Empresas precisam se adaptar à nova NR-1

A partir desta terça-feira, dia 26 de maio, entra em vigor a nova redação da NR-1 — Norma Regulamentadora nº 1, do MTE – Ministério do Trabalho e Emprego —, ampliando as obrigações das empresas em relação à saúde mental no ambiente de trabalho. A atualização passa a incluir, de forma expressa, os chamados riscos psicossociais no Gerenciamento de Riscos Ocupacionais (GRO) e no Programa de Gerenciamento de Riscos (PGR), tornando obrigatória a adoção de medidas preventivas relacionadas ao adoecimento emocional dos trabalhadores.

A NR-1 estabelece as diretrizes gerais de segurança e saúde no trabalho no Brasil e funciona como base para as demais normas regulamentadoras. Com a mudança, fatores como estresse ocupacional, assédio moral, burnout, jornadas excessivas, pressão por metas, conflitos interpessoais e ambientes hostis passam a integrar oficialmente as políticas de prevenção das empresas.

Na prática, as organizações deverão identificar, avaliar e monitorar situações que possam gerar sofrimento psicológico no trabalho, incorporando esses fatores ao inventário de riscos ocupacionais. O PGR deverá conter medidas preventivas, definição de responsáveis, prazos de execução e mecanismos de acompanhamento contínuo.

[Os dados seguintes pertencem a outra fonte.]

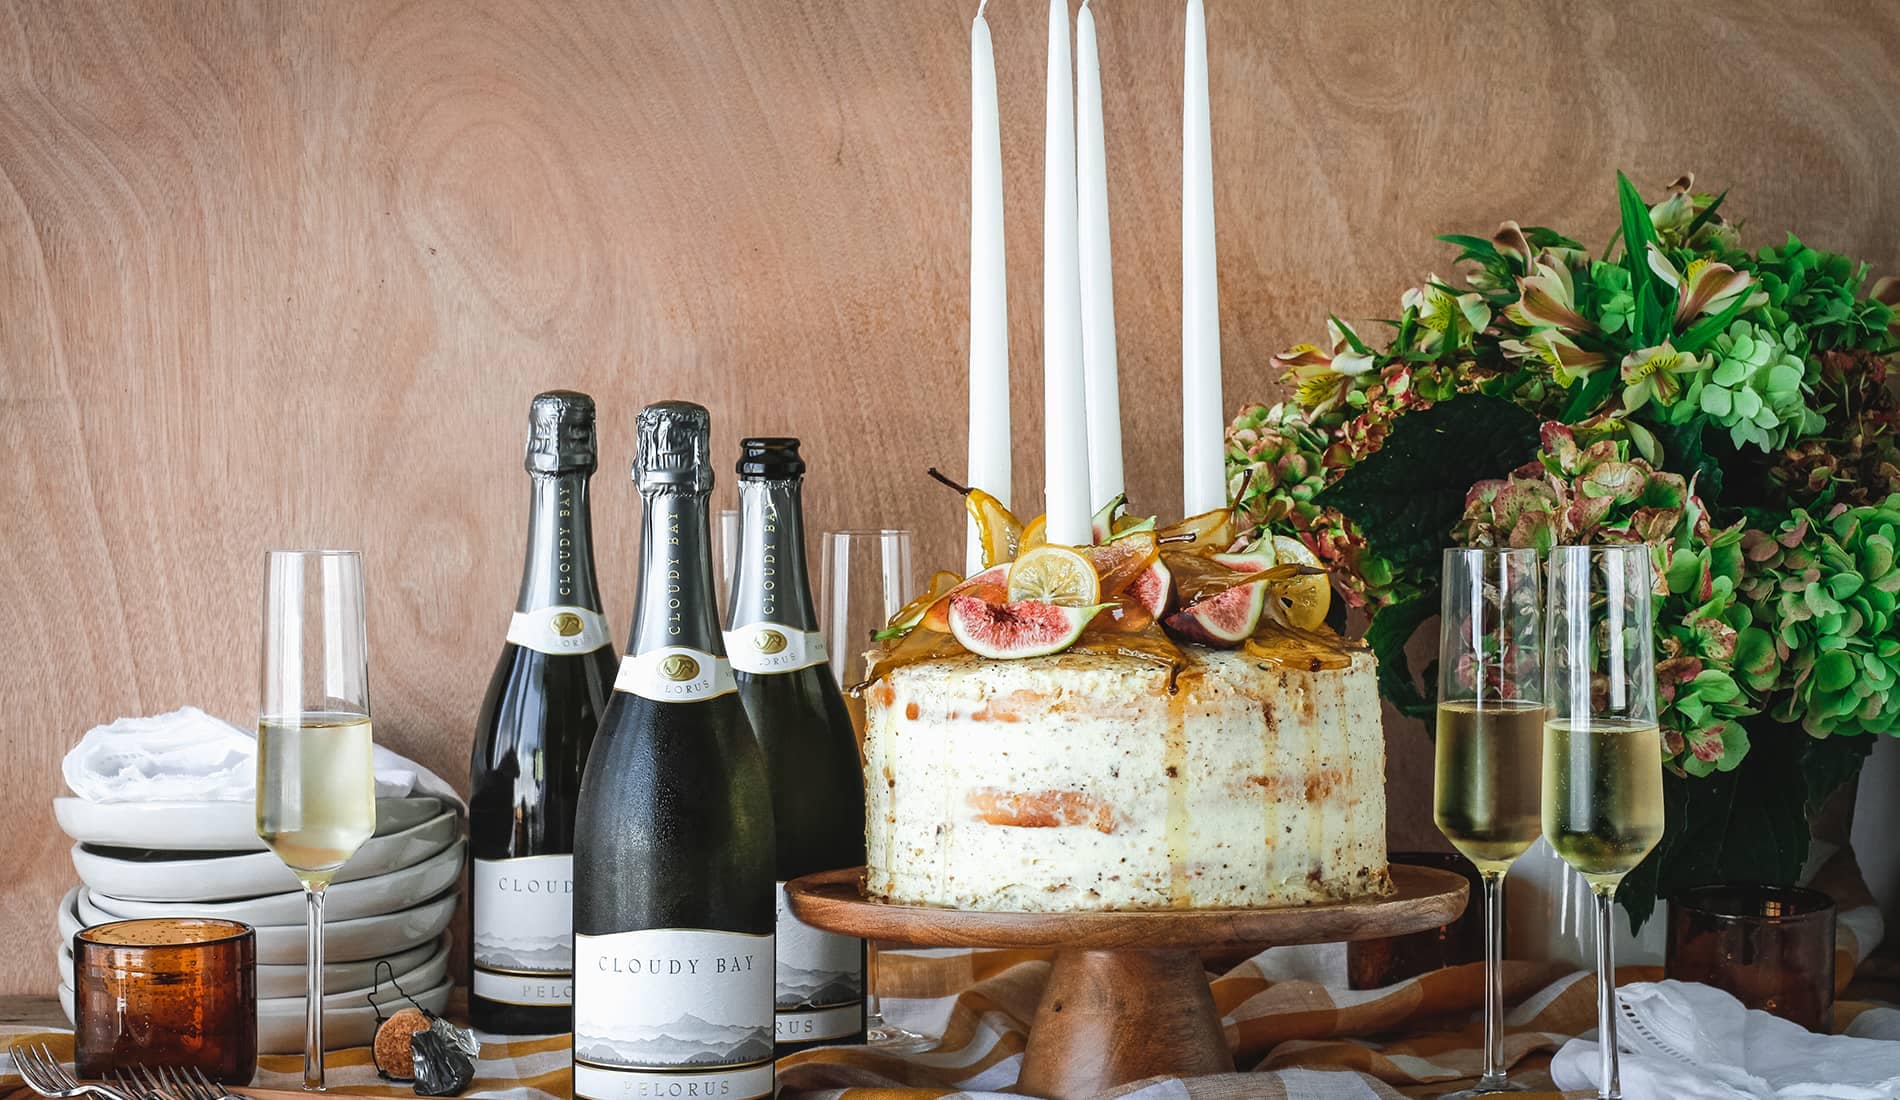 Large cake with figs beside 3 bottles and glasses of Cloudy Bay Pelorus 
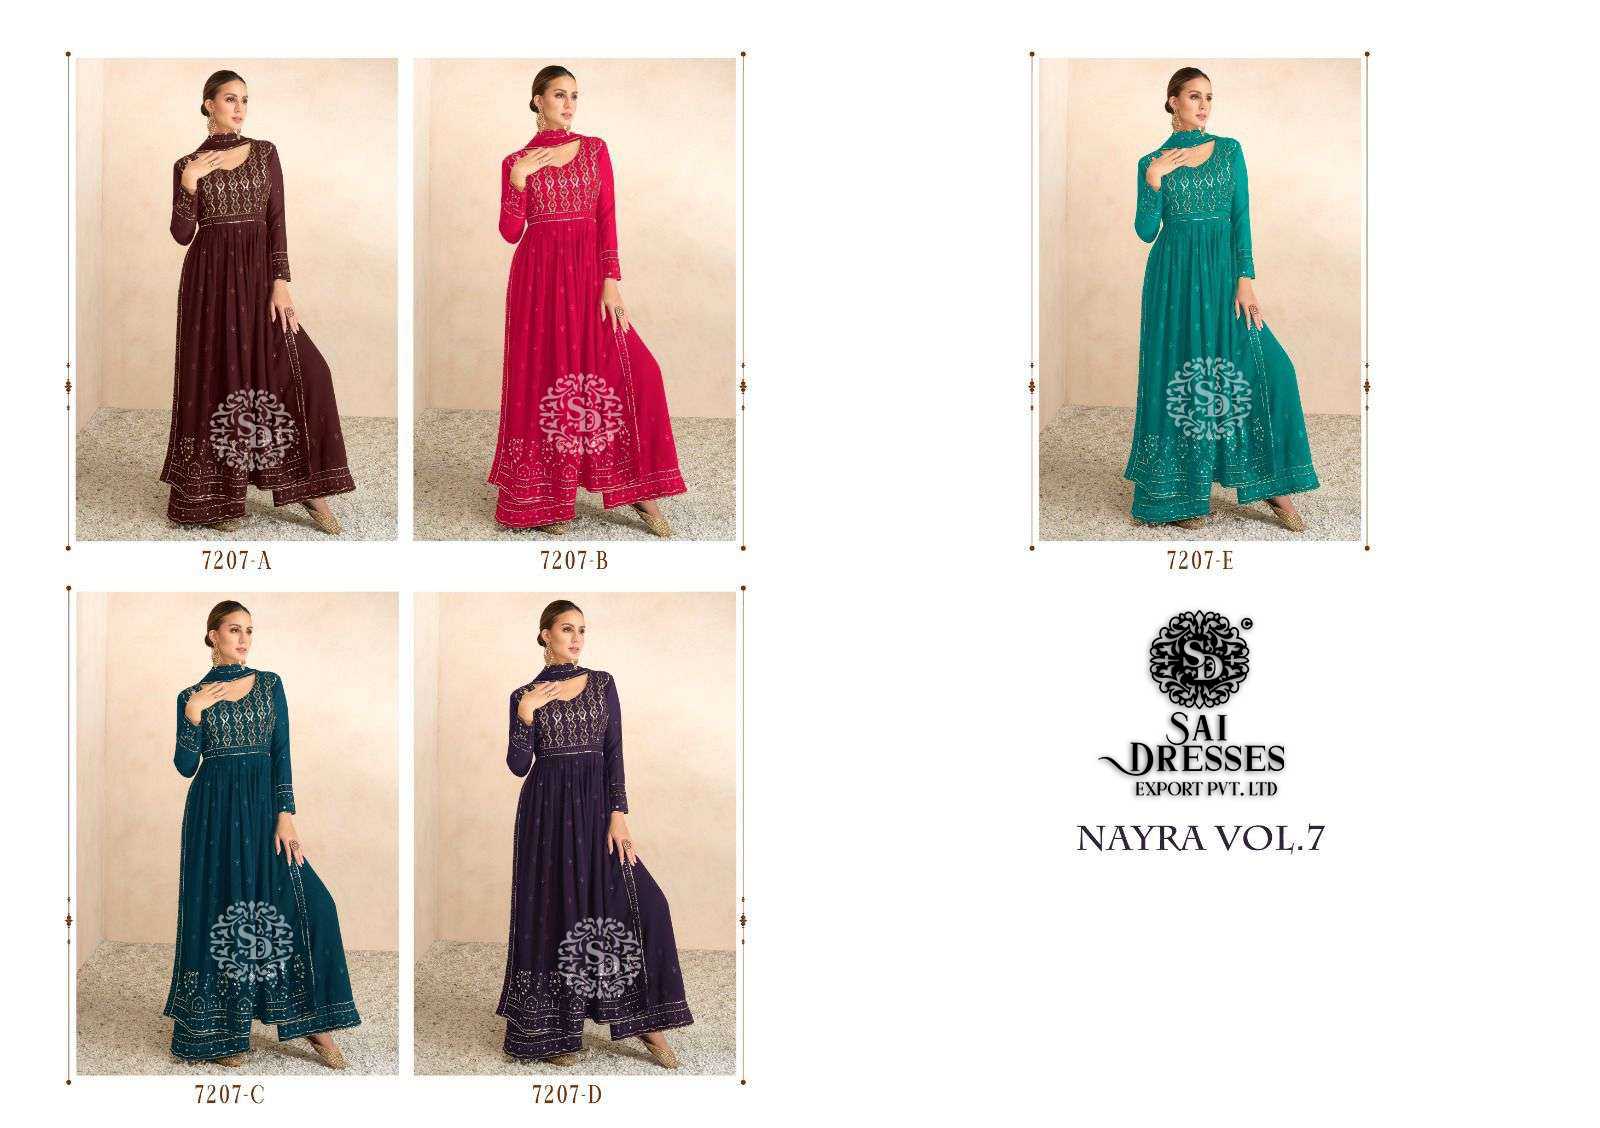 SAI DRESSES PRESENT NAYRA VOL 7 READYMADE PARTY WEAR NAYRA CUT WITH PLAZZO STYLE DESIGNER 3 PIECE SUITS IN WHOLESALE RATE IN SURAT
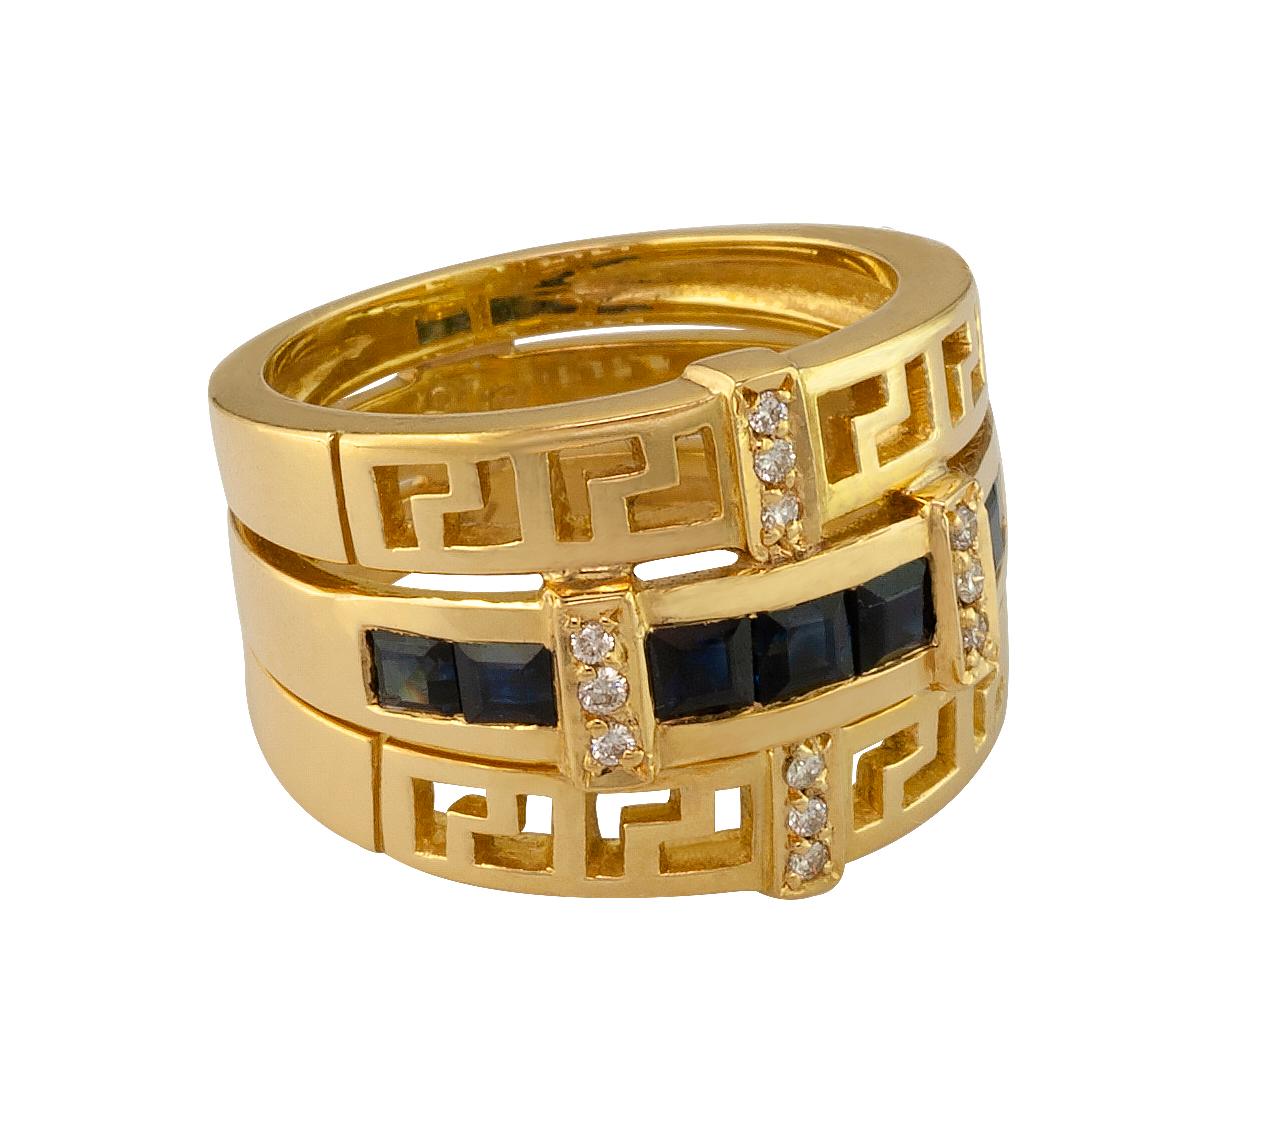 S.Georgios designer 18 Karat Yellow Gold Ring features the Greek Key design which symbolizes eternity. The gorgeous band has 12 Brilliant Cut White Diamonds total weight of 0.11 Carat and 7 Princess cut  Sapphires total weight of 1.45 Carat. 
The
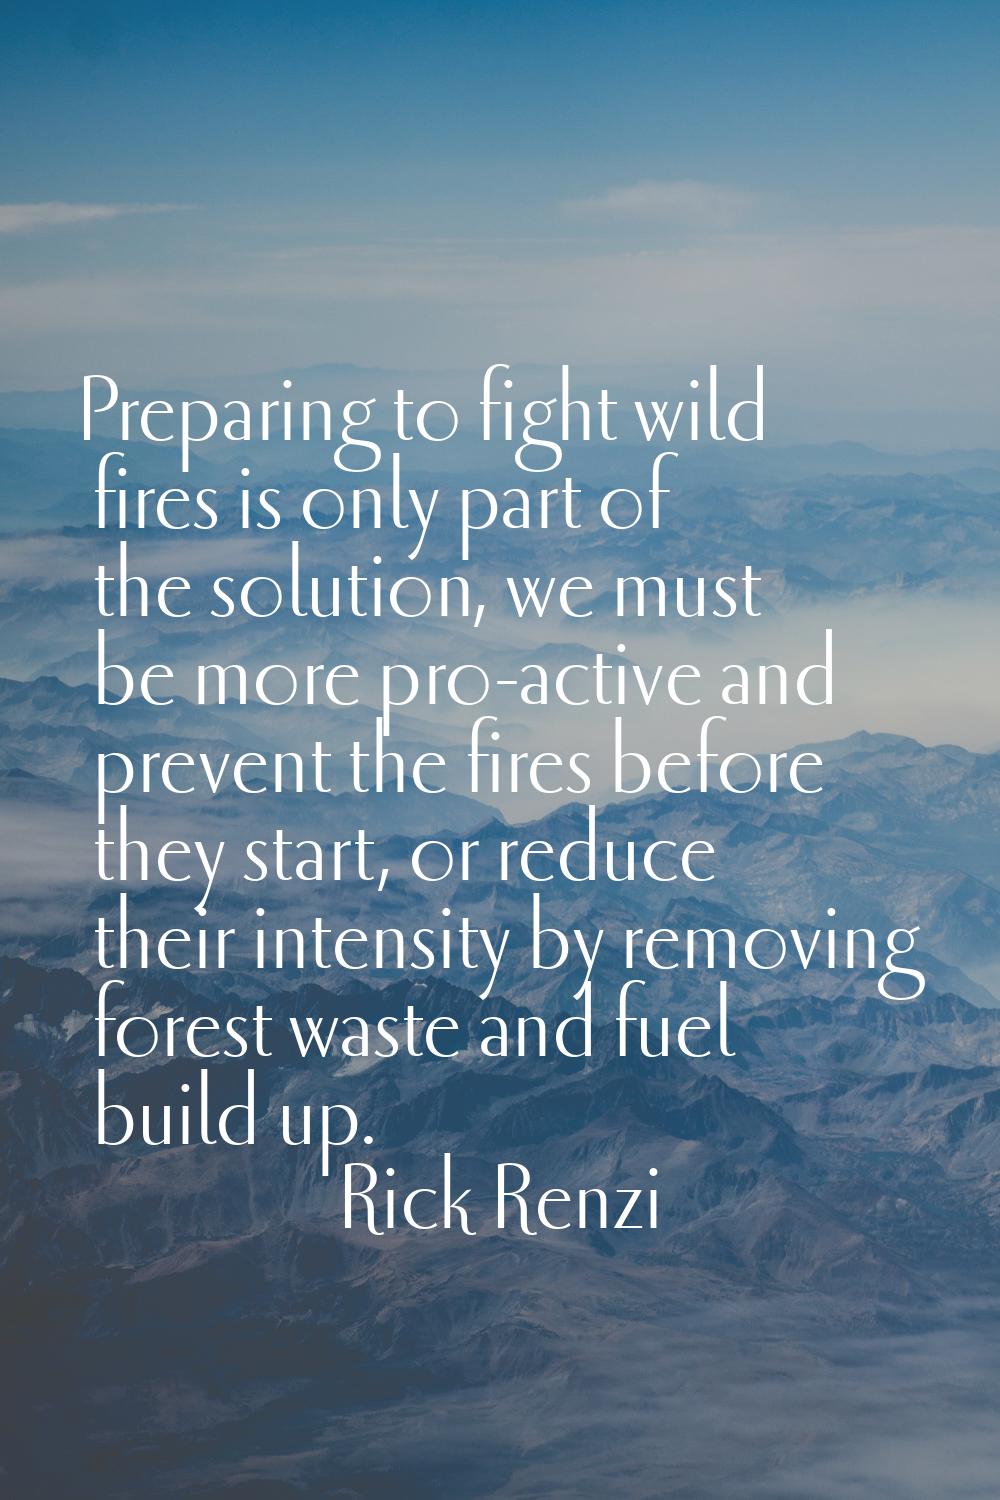 Preparing to fight wild fires is only part of the solution, we must be more pro-active and prevent

Para as empresas, a atualização da NR-1 representa impactos diretos na gestão interna e nas rotinas corporativas. Poderá ser necessário revisar modelos de liderança, metas de desempenho, jornadas de trabalho, fluxos operacionais e canais de comunicação, além de fortalecer políticas de prevenção ao assédio e programas de saúde ocupacional. Também tende a aumentar a necessidade de capacitação de gestores e lideranças, já que práticas consideradas abusivas ou excessivamente pressionadoras poderão ser interpretadas como fatores de risco psicossocial.

Outro ponto importante envolve a necessidade de documentação e comprovação das medidas adotadas. As empresas deverão demonstrar que realizam gestão efetiva dos riscos psicossociais, com registros de treinamentos, avaliações do ambiente organizacional, canais de denúncia e ações preventivas.

A ausência dessas medidas poderá ampliar a exposição das empresas a fiscalizações, autuações administrativas e ações trabalhistas relacionadas a doenças emocionais ligadas ao trabalho. Além disso, a nova redação reforça a obrigatoriedade de análise de acidentes e doenças ocupacionais por todos os empregadores, independentemente da existência de SESMT — Serviços Especializados em Segurança e Medicina do Trabalho.

Embora o governo tenha indicado que o primeiro momento terá caráter educativo e orientativo, a atualização consolida uma mudança importante na cultura de prevenção das empresas, colocando a saúde mental como parte estratégica das políticas de segurança, gestão de pessoas e responsabilidade corporativa.